Al siempre atribulado aniversario del 11-S se han añadido este año agrias disputas y enfrentamientos por culpa de Obama al no haber cerrado con claridad, rotundidad y sobre todo en favor de la mayoría de americanos la cuestión de la mezquita. Claro que eso no es que se deba a que se hubiera expresado mal sino a una concepción del mundo en el que impera el pacifismo, la rendición, y la merma de la importancia que a su parecer debe tener América. Si desde un principio no se hubiera posicionado en contra del respeto y se hubiera opuesto, como sí ha hecho al pastor Jones, a la muchísima mayor provocación que supone la mezquita, este 11 de Septiembre habría sido uno más. Víspera del que será más significativo, por efeméride, cuando lleguemos a la década de aquel infame, decisorio, y despertar de aquella plácida siesta en la que la posguerra fría nos había sumido; una nueva y trágica realidad revelada de forma brusca.
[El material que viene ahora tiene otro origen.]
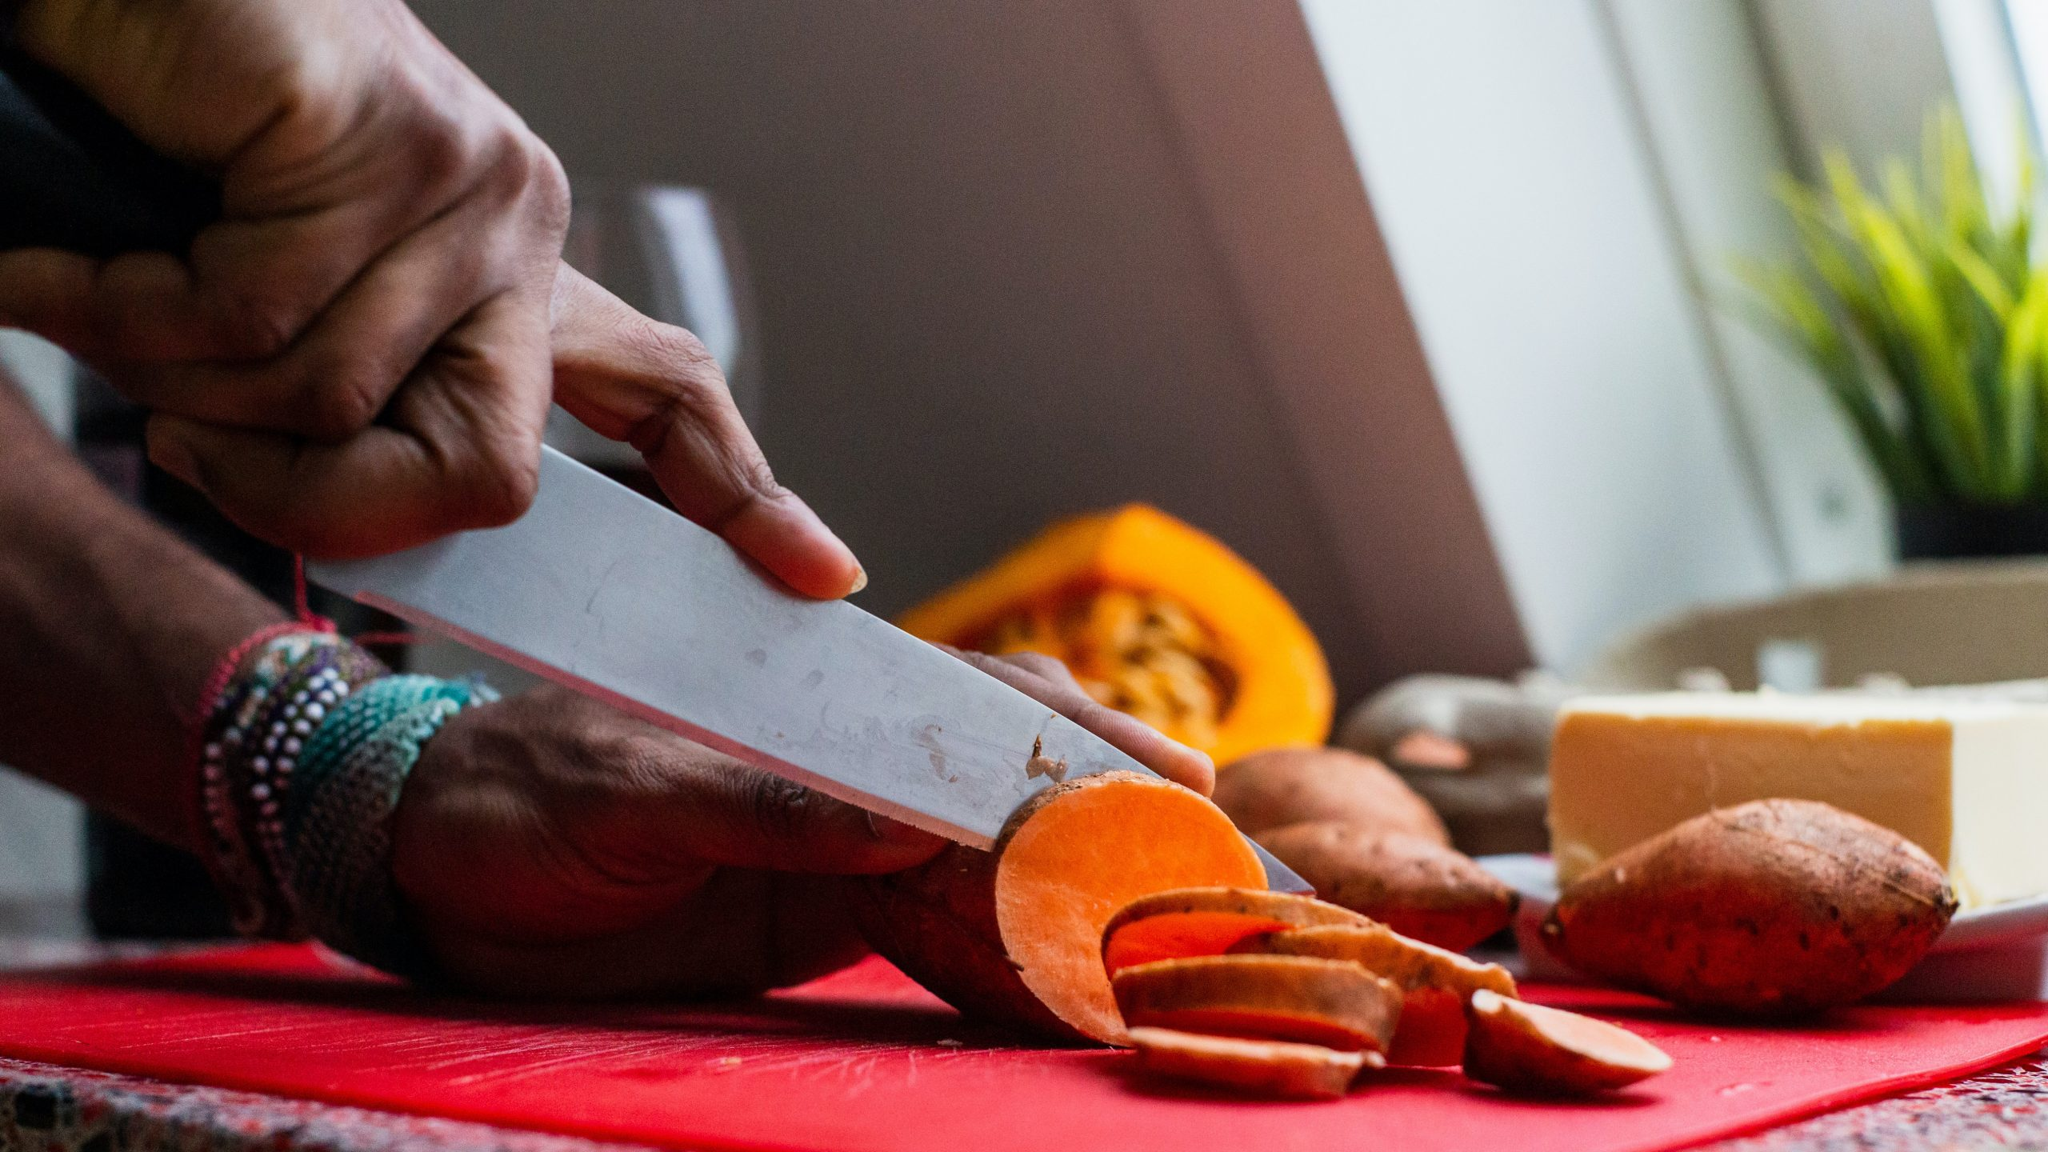 Hand slicing a sweetpotato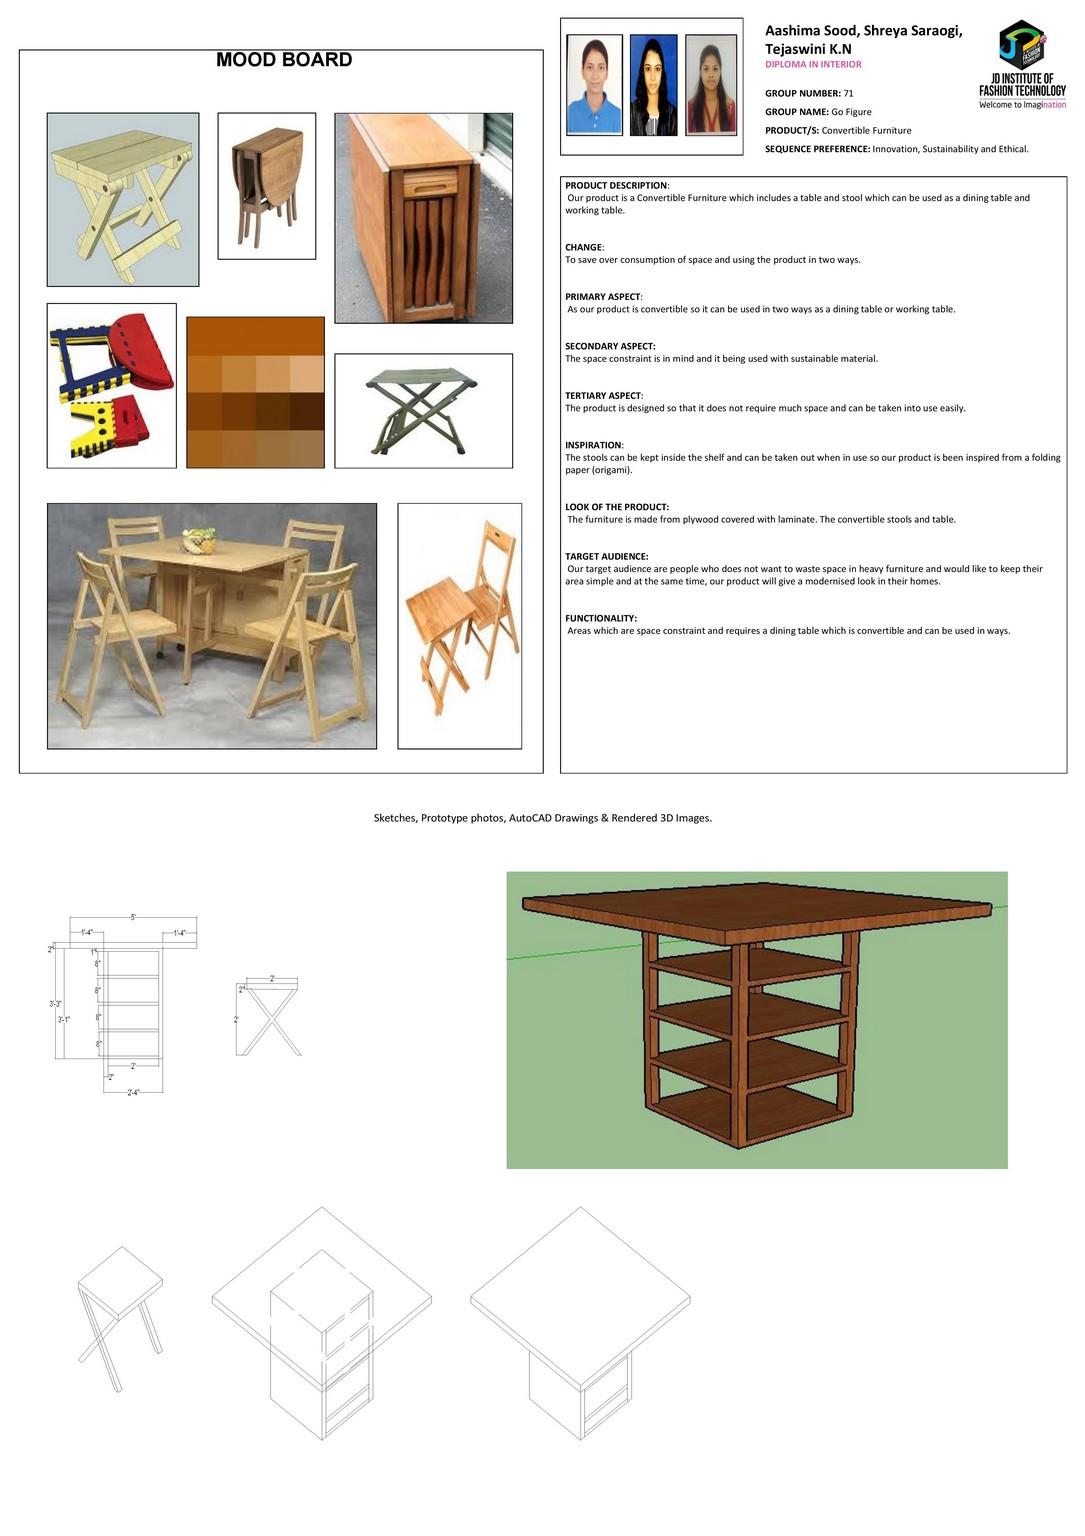 Foldable Dining Table – CHANGE – JD ANNUAL DESIGN AWARDS 2018 | Designer: Aashima Sood, Shreya Saraogi, Tejaswini K.N | Photography : Jerin Nath (@jerin_nath) foldable dining table - foldable - Foldable Dining Table – CHANGE – JD Annual Design Awards 2018

Correcto estuvo Obama cuando el sábado no mencionó al pastor, dejando la polémica en un llamamiento a la unidad frente a la división. Sin embargo, con la progresista manía de nombrar a las cosas con eufemismos y sobre todo por eliminar de raíz la adjetivación de los hechos, se llega en la práctica a implementar las acciones no correctas y peligrosas para nuestra civilización. Ocurrió cuando eliminó el nombre de Guerra contra el Terror, y vuelve a las andadas al confundir lo que representa fraccionalmente Al Qaeda con todo lo que hay detrás: el yihadismo.
Éste es un movimiento enorme que cuenta en el mundo musulmán con millones de personas que lo apoyan y/o participan en él de una u otra forma y en diversos grados, desde el simple apoyo hasta el terrorismo mártir más activo y combativo, pasando por la financiación y contribución económica y logística. Tres son las grandes corrientes: los Hermanos Musulmanes egipcios, el salafismo wahabista, y el jomeinismo, como bien describe el profesor Phares.
Por tanto no son unos pocos locos y bandidos que se han atrincherado en Afganistán. Tienen toda una red ideológica detrás cuyo fin es la destrucción de Occidente. Y eso incumbe a regímenes y sociedades enteras de gente adoctrinada que creo en ello, pese a las disputas internas del Islam pero convergentes en nuestra aniquilación cultural y sometimiento.
Al Qaeda es la punta de un iceberg enorme, y que por haber atacado con éxito y por haber innovado una nueva forma de someternos, se ha hecho famosa. Pero el sentimiento está ahí, y las formas de llevar a cabo sus planes son diversos, siendo el emplazamiento de la mezquita amparándose en las libertadas que les brindamos, una de las formas de llevar a cabo el adoctrinamiento y la presión futura que tan bien ya se está larvando.